Blech was married three times, to Rosa Sachs, Rose Berkenstadt, and Nelda Tschirley. He had one son and daughter from his first marriage, writer William J. Blake, husband of writer Christina Stead. William's first wife was Mollie Grossman. They had a daughter, Ruth Blech. Blech's daughter, Jenny, died at age 8 from tuberculosis.

At the time of his death, he was married to Nelda Tschirley Blech. They are buried in Arlington National Cemetery.

Blech had the following siblings: Leopold (Leib), Esekiil, Moisey, Henry (Chaim), Theodore (Tuvia), Waldemar, Beila-Riva and Lina Blech.

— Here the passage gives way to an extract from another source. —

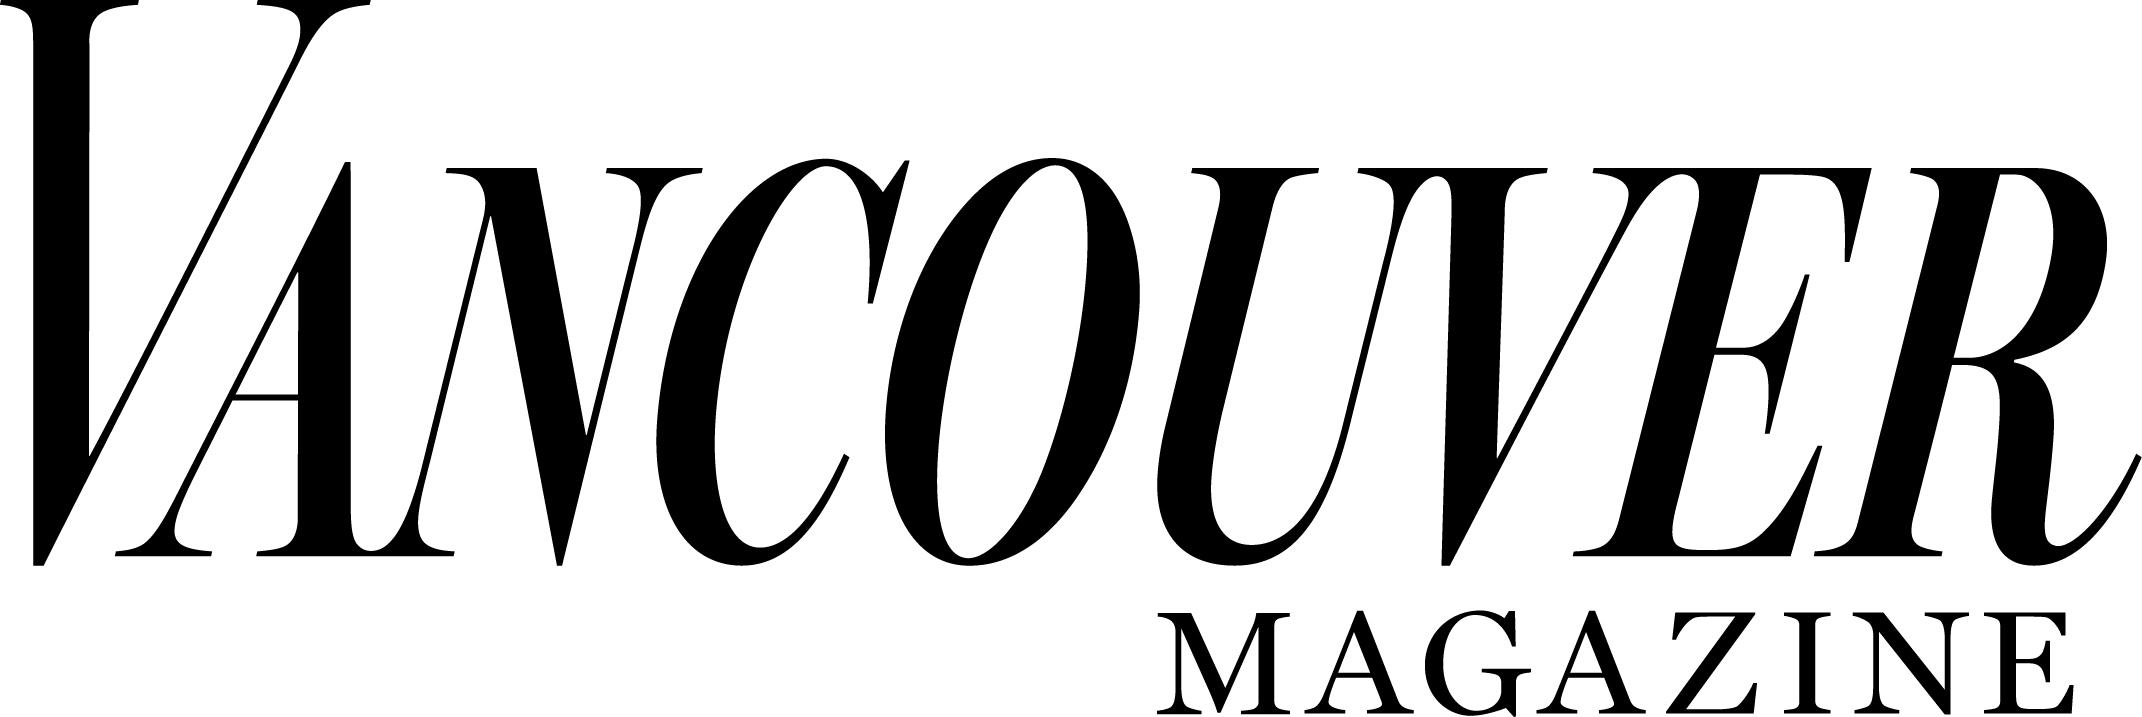 Vancovuer Magazine Logo

==Bibliography (primary author)==
- The Practitioner's Guide to the Diagnosis and Treatment of Diseases of Women, the Clinic Publishing Co., Chicago, 1903;
- Clinical Electrosurgery, Oxford University Press, New York, (1938)
- A Handbook of First Aid in Accidents, Emergencies, Poisoning, and Sun Stroke
- Practical Suggestions in Borderland Surgery
- Memoirs of the World War, (1924)
- Self-instruction in Elementary Military Map Reading and Topographic Sketching, Standard Printing and Lithographic Co., Houston, TX, (1917)

==Bibliography (co-author)==
- Medical Tactics and Logistics

Blech wrote chapters in the books The Therapeutical Applications of Peroxide of Hydrogen, Glycozone, Hydrozone, and Eye Balsam, Diseases of Children, and The Military Surgeon. He translated the book Hyperemia as a Therapeutic Agent by August Bier.